Демобилизовавшись, Камов вернулся в Ленинград. На непыльную, оставлявшую массу свободного времени работу обходчиком лифтов его пристроил давний знакомец, художник Коля Любушкин. Раз в три дня с восьми утра и до двенадцати ночи он несколько раз обходил свой участок, ограниченный Загородным, Большой Московской и Разъезжей, что мог – чинил сам, выручал застрявших пассажиров, о серьезных поломках докладывал механикам. Раз в месяц чистил приямки, находя в них самые неожиданные предметы: ножи, шапки, порой деньги, а однажды – банку шпрот и килограмм свежих сосисок. Все же свободное время – а его было много – работал в превращенной в мастерскую комнате. Именно тогда он ощутил, что переживание жизни и себя в ней перестало быть спонтанной отзывчивостью на случайные события и произвольные чувствования, но превратилось в видение суммы этих событий и чувствований как единой глубинной связи.
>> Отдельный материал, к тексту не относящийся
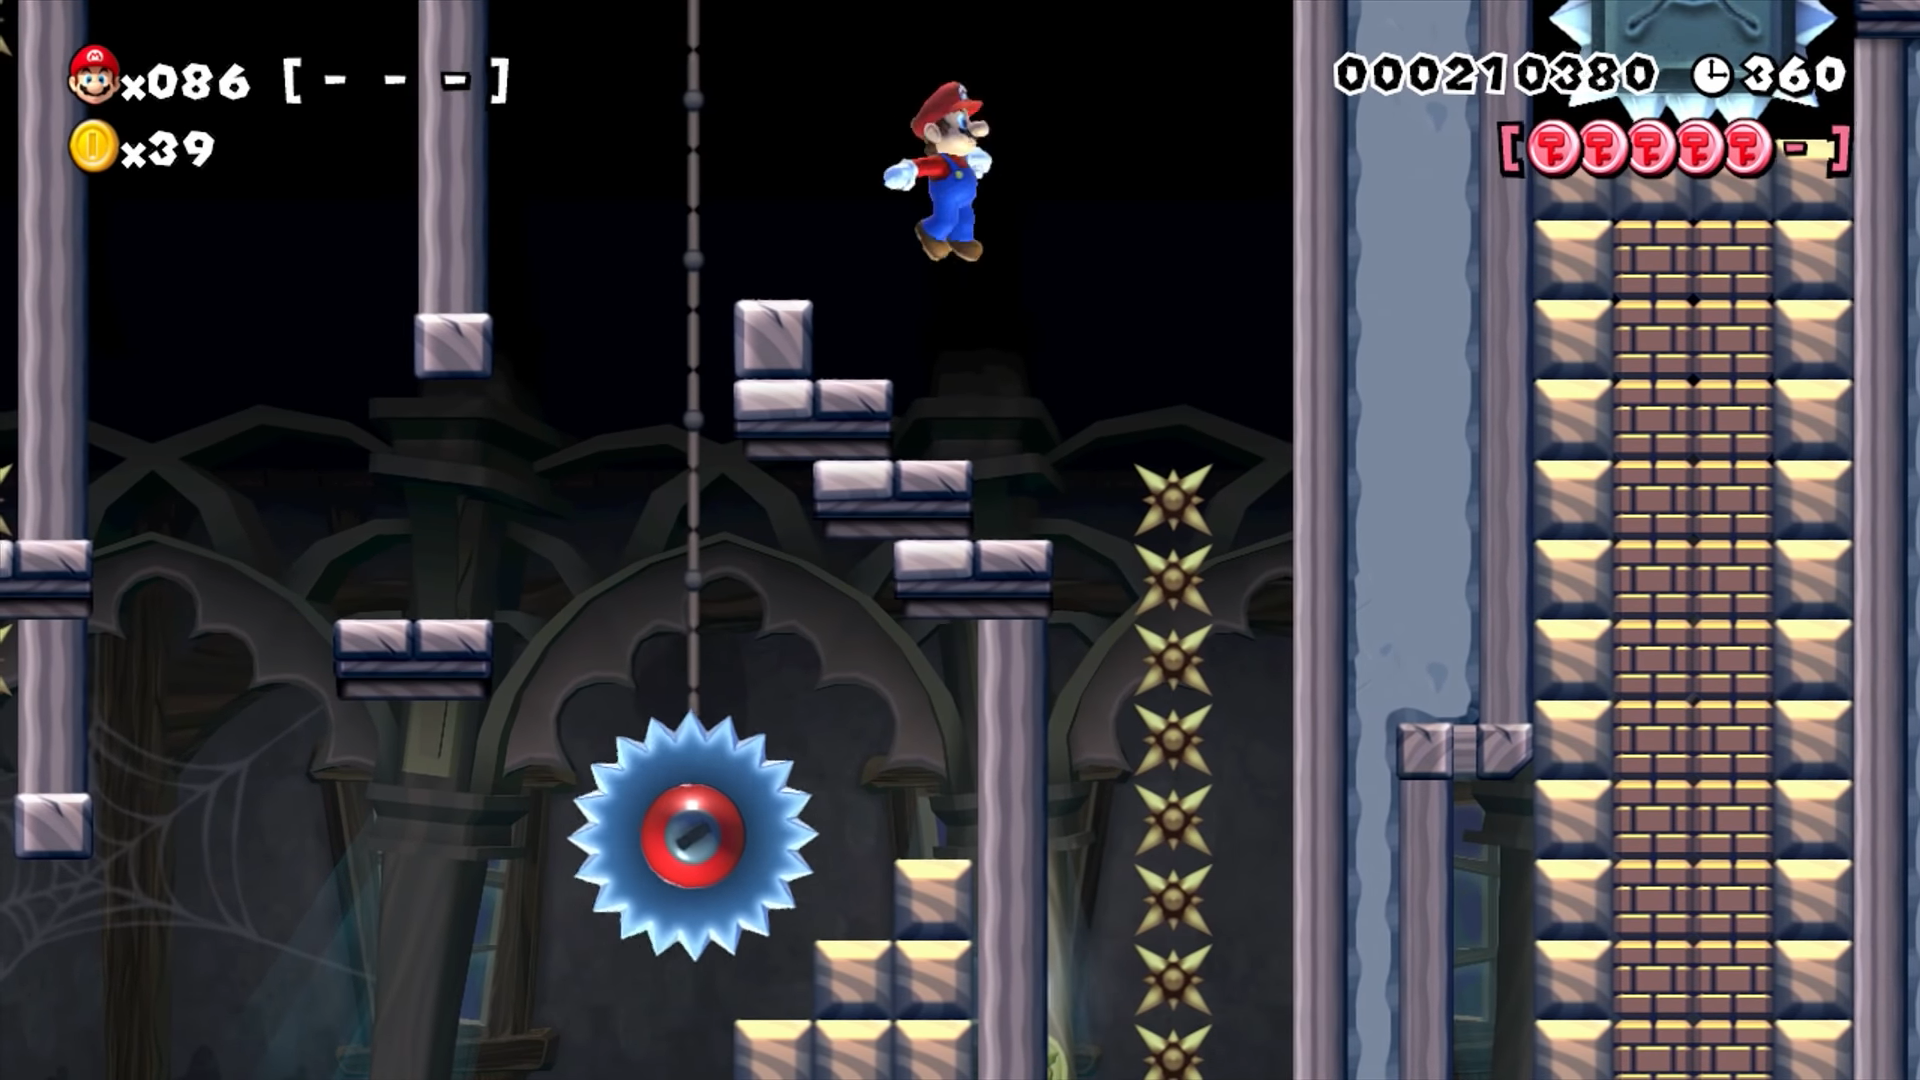 Super Mario Maker je također izdan za Wii U, a posebnost je u tome što igrači mogu sami stvarati svoje nivoe. Igra je time u teoriji bez kraja, budući da se uvijek mogu pronaći novi nivoi za igranje.

Его живопись начала уверенно обретать качества пристального, вдумчивого вглядывания в жизнь. Он научился сохранять живой характер материала, не принося его в жертву изображению, которое в результате сочетало в себе метафизические качества универсальной формулы, знака, с точно подмеченными в реальной жизни деталями. Его натюрморты, сохраняя узнаваемую предметность и характер объектов, приобретали значения символа.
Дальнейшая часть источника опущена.